The Moment the Ethics Question Becomes Real
It happens somewhere in the middle of a sprint. You're building a feature — a loan approval model, a hiring screening tool, a customer churn predictor — and a question surfaces that isn't in the ticket.
"What happens if this is wrong about someone?"
Most engineering processes don't have a great answer. There's no ticket for that. Ethics reviews, if they exist, happen at the policy level, disconnected from the code being written. Developers ship the feature, the system goes live, and the ethical consequences of its decisions become someone else's problem — until they become everyone's problem.

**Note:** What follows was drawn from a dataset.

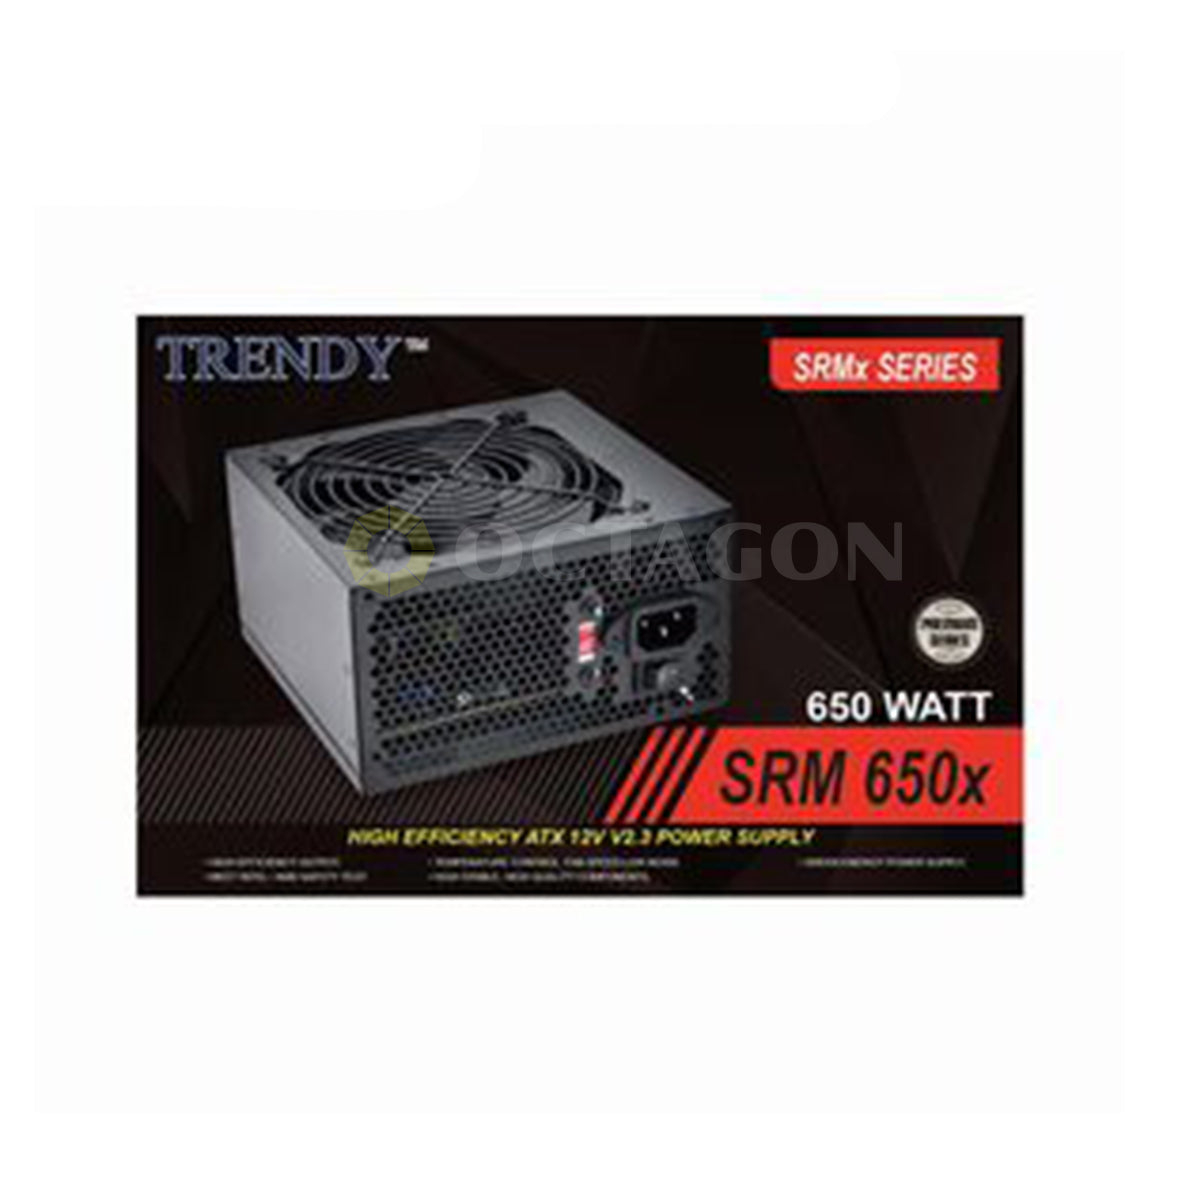 TRENDY SRM 650X 650 WATT POWER SUPPLY

This post is about closing that gap. Not at the policy level — at the code level. What does ethical AI development actually look like in practice, as a developer shipping business software in 2026?
Why This Is a Developer Problem, Not Just a Policy Problem
The standard framing is: companies set AI ethics policies, legal reviews them, and developers implement whatever they're told. Ethics is above the engineer's pay grade.
This framing fails for two reasons.
First, the decisions that determine ethical outcomes are made in code. Which features you include in a model. How you handle missing data. Whether you build in override mechanisms. Whether you log decisions in ways that allow auditing. These are engineering decisions, made by developers, that have ethical consequences. The policy document doesn't implement them — you do.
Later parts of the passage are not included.